Borrowings bear interest at 1.0% below the prime rate. There were no borrowings
under this credit facility at June 30, 2000. The renewed credit facility expires
on June 29, 2001. The Company believes it could increase the amount of the
facility, if needed.

     During the second quarter of 2000, the Company issued a promissory note to
a bank for $10.0 million to finance its growth in operations. The note will be
paid in 36 monthly installments of $277,777.77 plus interest. The note bears
interest at 1% less than the prime rate.

                                       9
<PAGE>

     Net cash flow from operating activities decreased $5.8 million, or 13.8%,
to $36.5 million for the six months ended June 30, 2000, compared to a net cash
flow from operating activities of $42.3 million for the six months ended June
30, 1999.  The decrease was due principally to the increase in accounts
receivable related to increased revenue.

     Net cash flow used in investing activities was $19.2 million for the six
months ended June 30, 2000, compared to $25.6 million for the comparable period
of 1999. During the first six months of 2000, the Company invested $37.2 million
in contact center expansion to support the growth of the Company's business. The
Company also financed $2.8 million of equipment with capital leases. The
remaining $34.4 million of property and equipment purchases were financed
through cash flow from operations and the $10.0 million promissory note issued
to a bank referenced above.

     Net cash flow provided by financing activities was $8.9 million for the six
months ended June 30, 2000, compared to net cash flow used of $488,000 for the
comparable period of 1999. In the six months ended June 30, 2000, net cash flow
used in financing activities was primarily for payments of debt and capital
lease obligations. The cash used was offset by $7.2 million of proceeds from the
exercise of stock options to purchase Company Common Stock and the $10.0 million
proceeds from the promissory note issued to a bank.


Capital Expenditures

  The Company's operations continue to require significant capital expenditures
for capacity expansion and upgrades. Capital expenditures were $37.2 million for
the six months ended June 30, 2000 compared to $36.1 million for the six months
ended June 30, 1999. Capital expenditures for the six months ended June 30, 2000
consisted primarily of equipment purchases.
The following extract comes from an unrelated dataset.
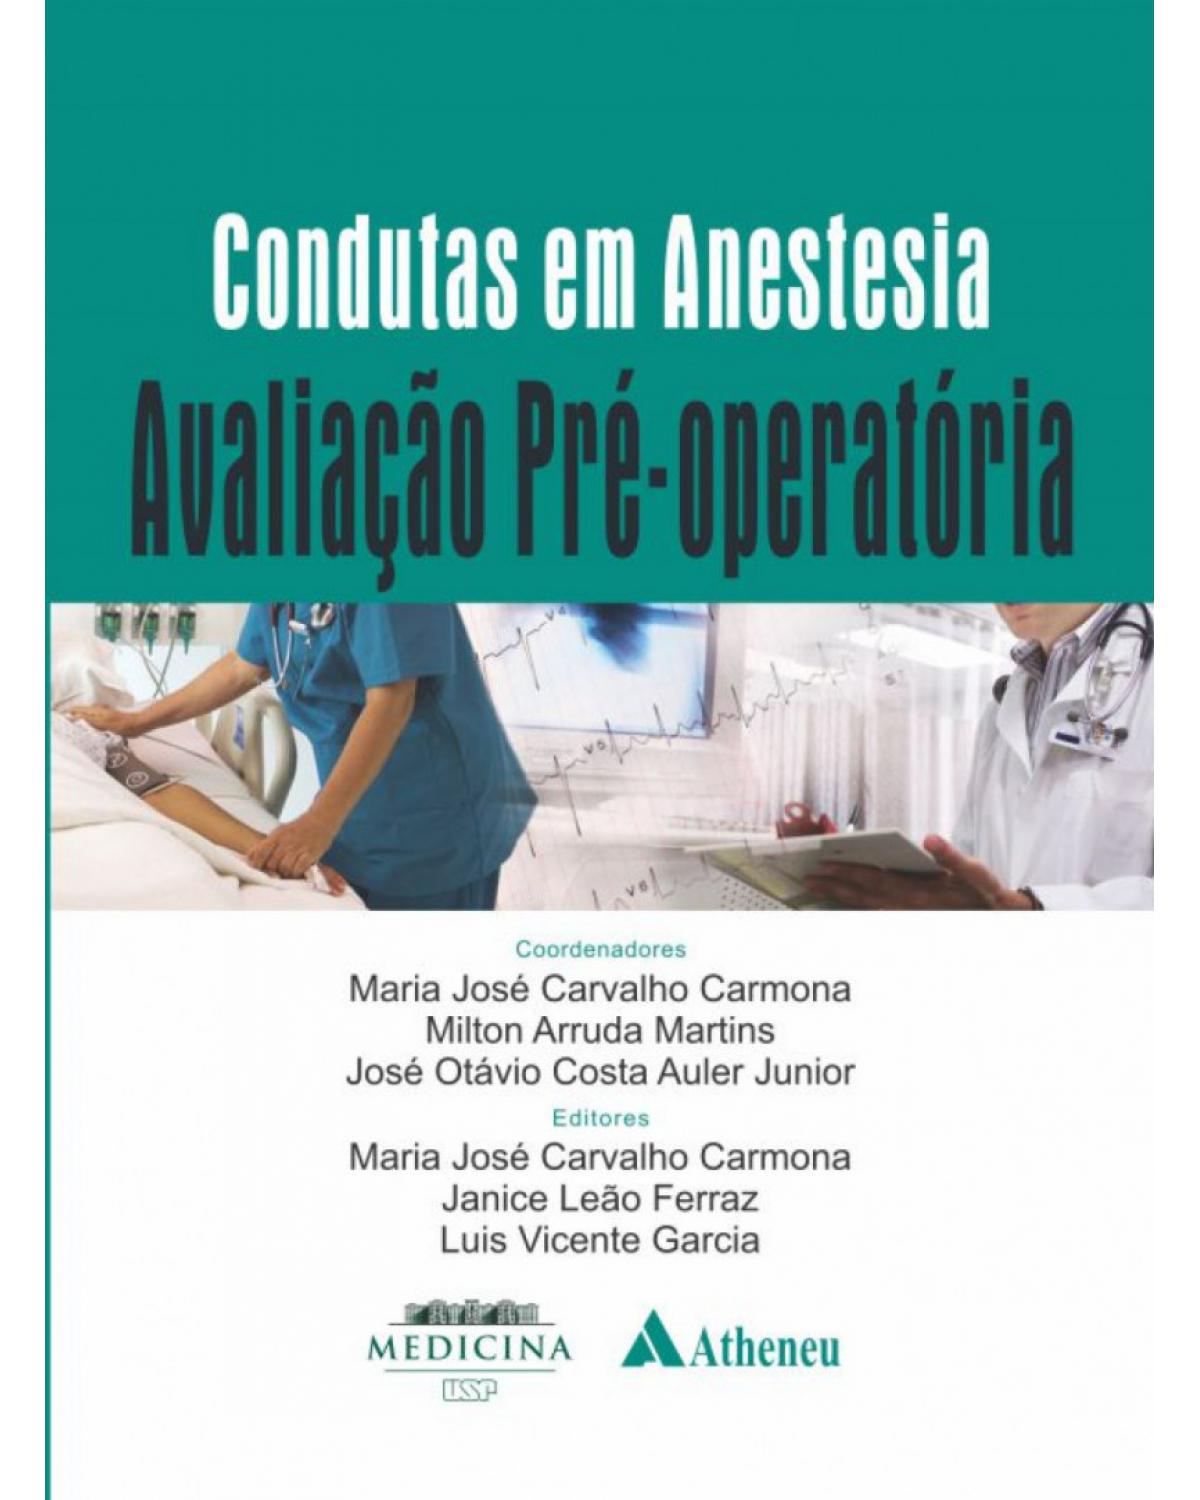 Condutas em anestesia - avaliação pré-operatória - 1ª Edição | 2017

  The Company believes cash flow from operations, together with existing cash
and cash equivalents, financing through capital or operating leases, and
available borrowings under its credit facilities will be adequate to meet its
capital requirements for the foreseeable future. The Company may pledge
additional property or assets of the Company or its subsidiaries, which are not
already pledged as collateral securing existing credit facilities.  The Company
or any of its affiliates may be required to guarantee any existing or additional
credit facilities.


Inflation

  The Company does not believe that inflation has had a material effect on its
results of operations. However, there can be no assurance that the Company's
business will not be affected by inflation in the future.
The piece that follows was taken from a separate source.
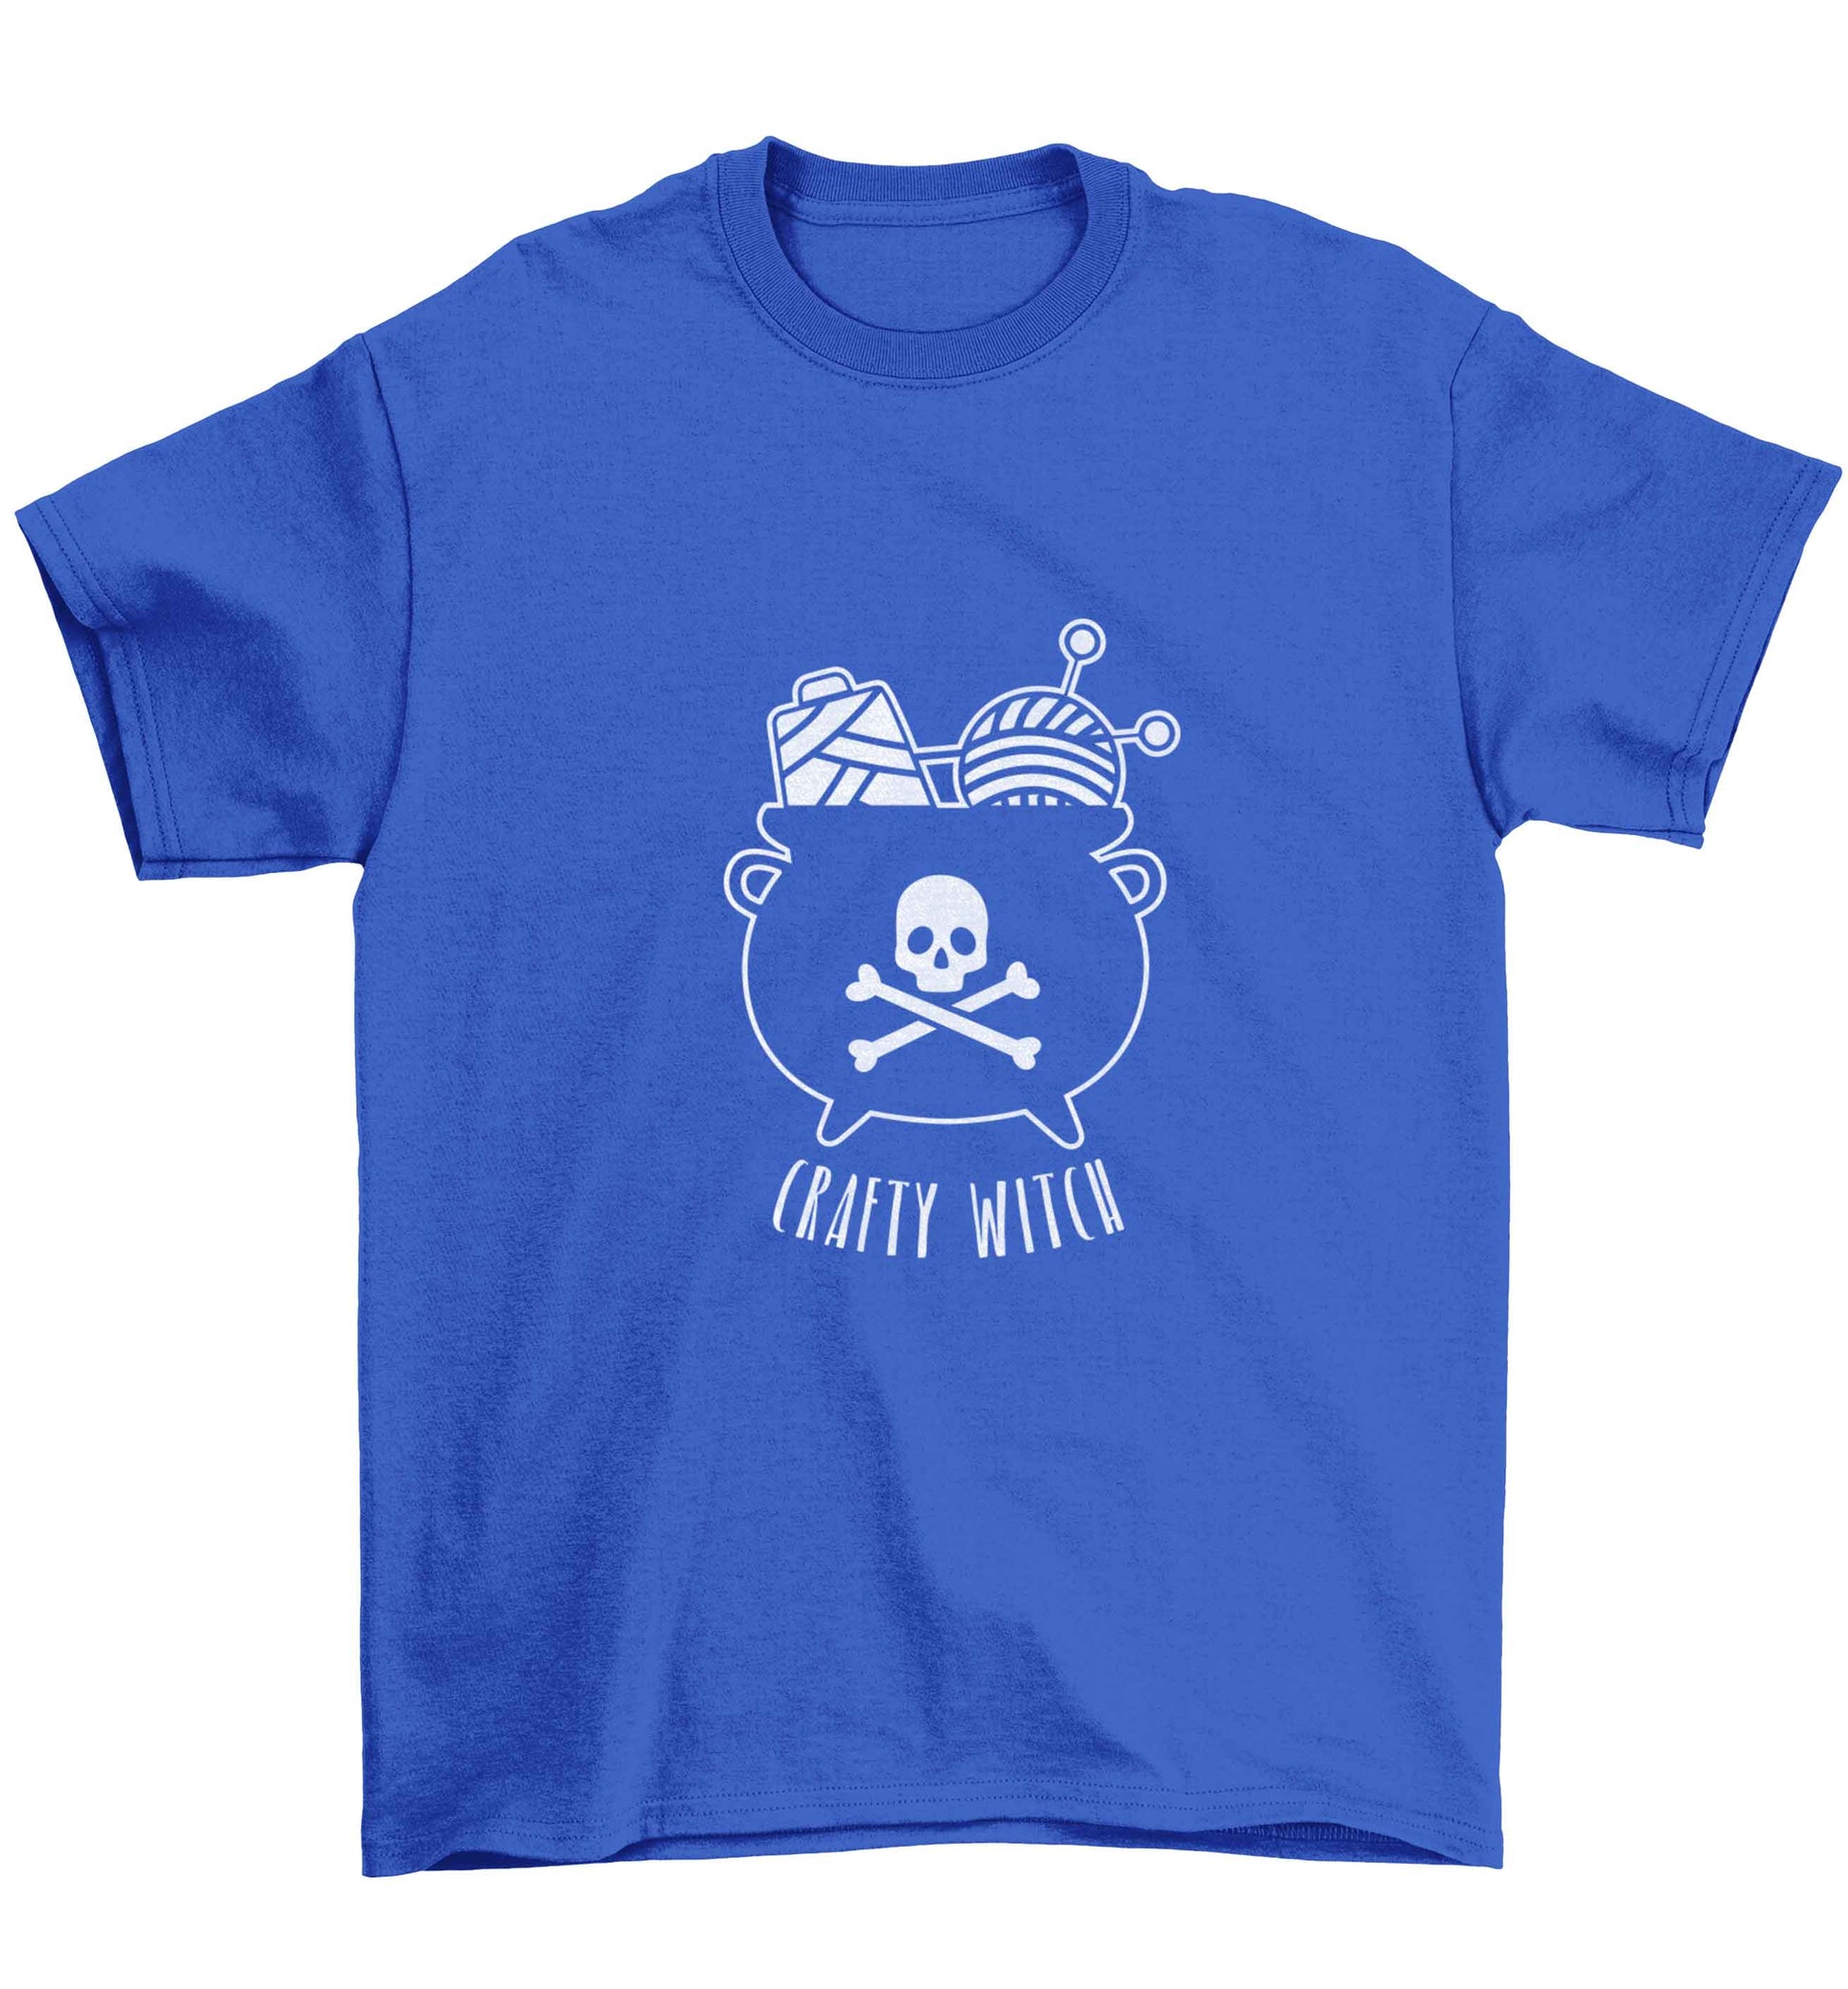 Crafty witch Children's blue Tshirt 12-13 Years

                                       10
<PAGE>

Item 3.   Quantitative and Qualitative Disclosures About Market Risk

     Certain statements under this caption constitute forward-looking statements
which involve risks and uncertainties. The Company's actual results in the
future could differ significantly from the results discussed or implied in such
forward-looking statements.  Factors that could cause or contribute to such
differences include, but are not limited to, the effect on financial performance
of increased competition in the teleservices industry, potential future
competition, competitive pricing for services, potential future competing
technologies and trends, the challenge of managing the Company's growth
effectively, dependence on technology and phone service, dependence on the
Company's labor force, reliance on major clients, the success of new product
innovations, legal proceedings and government regulation.
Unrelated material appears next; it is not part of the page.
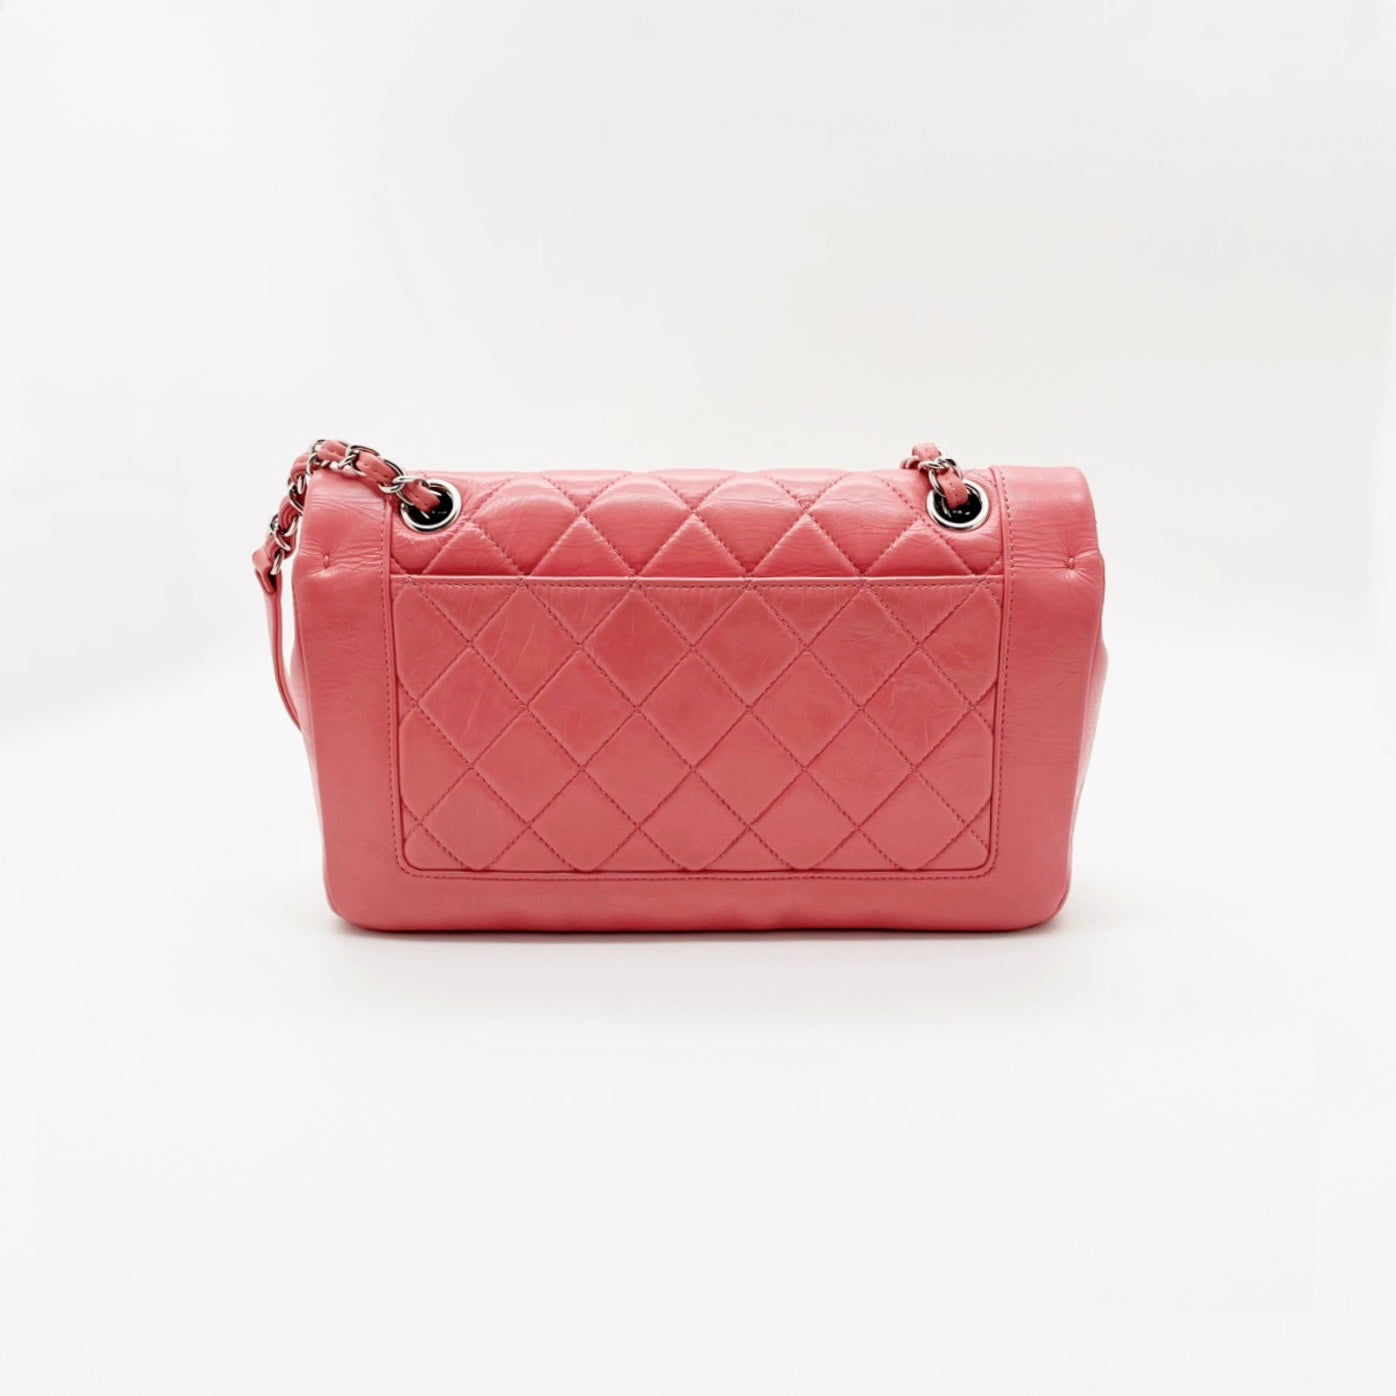 Preloved Chanel Limited Flap Bag

     The Company does not use derivative financial and commodity instruments.
The Company's other financial instruments include cash and cash equivalents,
accounts and notes receivable, accounts and notes payable and long-term
obligations. The Company's cash and cash equivalents, accounts and notes
receivable and accounts and notes payable balances are generally short-term in
nature and do not expose the Company to material market risk. At June 30, 2000,
the Company had $30.7 million of long-term obligations and $26.0 million
available under its credit facilities. (See Item 2. Management's Discussion and
Analysis of Financial Condition and Results of Operations - Liquidity and
Capital Resources.) Management does not believe that changes in future interest
rates on these fixed rate long-term obligations would have a material effect on
the Company's results of operations given the Company's currently existing
obligations under such long-term obligations and credit facilities.

                                       11
<PAGE>

PART II.  OTHER INFORMATION

Item 1.   Legal Proceedings

     From time to time, the Company is subject to lawsuits and claims which
arise out of its operations in the normal course of its business. The Company
and certain of its subsidiaries are defendants in various litigation matters in
the ordinary course of business, some of which involve claims for damages that
are substantial in amount. The Company believes, except for the items below, in
its Form 10-K for the year ended December 31, 1999, and its quarterly report on
Form 10-Q for the first quarter of 2000, for which the Company is currently
unable to predict the outcome, the disposition of claims currently pending will
not have a material adverse effect on the Company's financial position or
results of operations.

     Richard Carney, et al. v. West TeleServices, Inc., et al. was filed on
October 31, 1997 in the 131st Judicial District Court of Bexar County, Texas. On
July 7, 2000 defendants filed a brief for an interlocutory appeal of the
certification order. Plaintiffs sued under theories of breach of contract,
quantum meriut, common law fraud, common law debt, conversion and civil theft. A
partial summary judgment was granted to the defendants on March 8, 2000 on
breach of express contract and civil theft and on all claims against the
individual defendants. On May 12, 2000 the court certified a class of plaintiffs
and other similarly situated hourly employees of the Company and several of its
subsidiaries that allege they had not been paid for all compensable work
performed during their employment. No claims remain in the lawsuit that allow
for an award of punitive damages under Texas law.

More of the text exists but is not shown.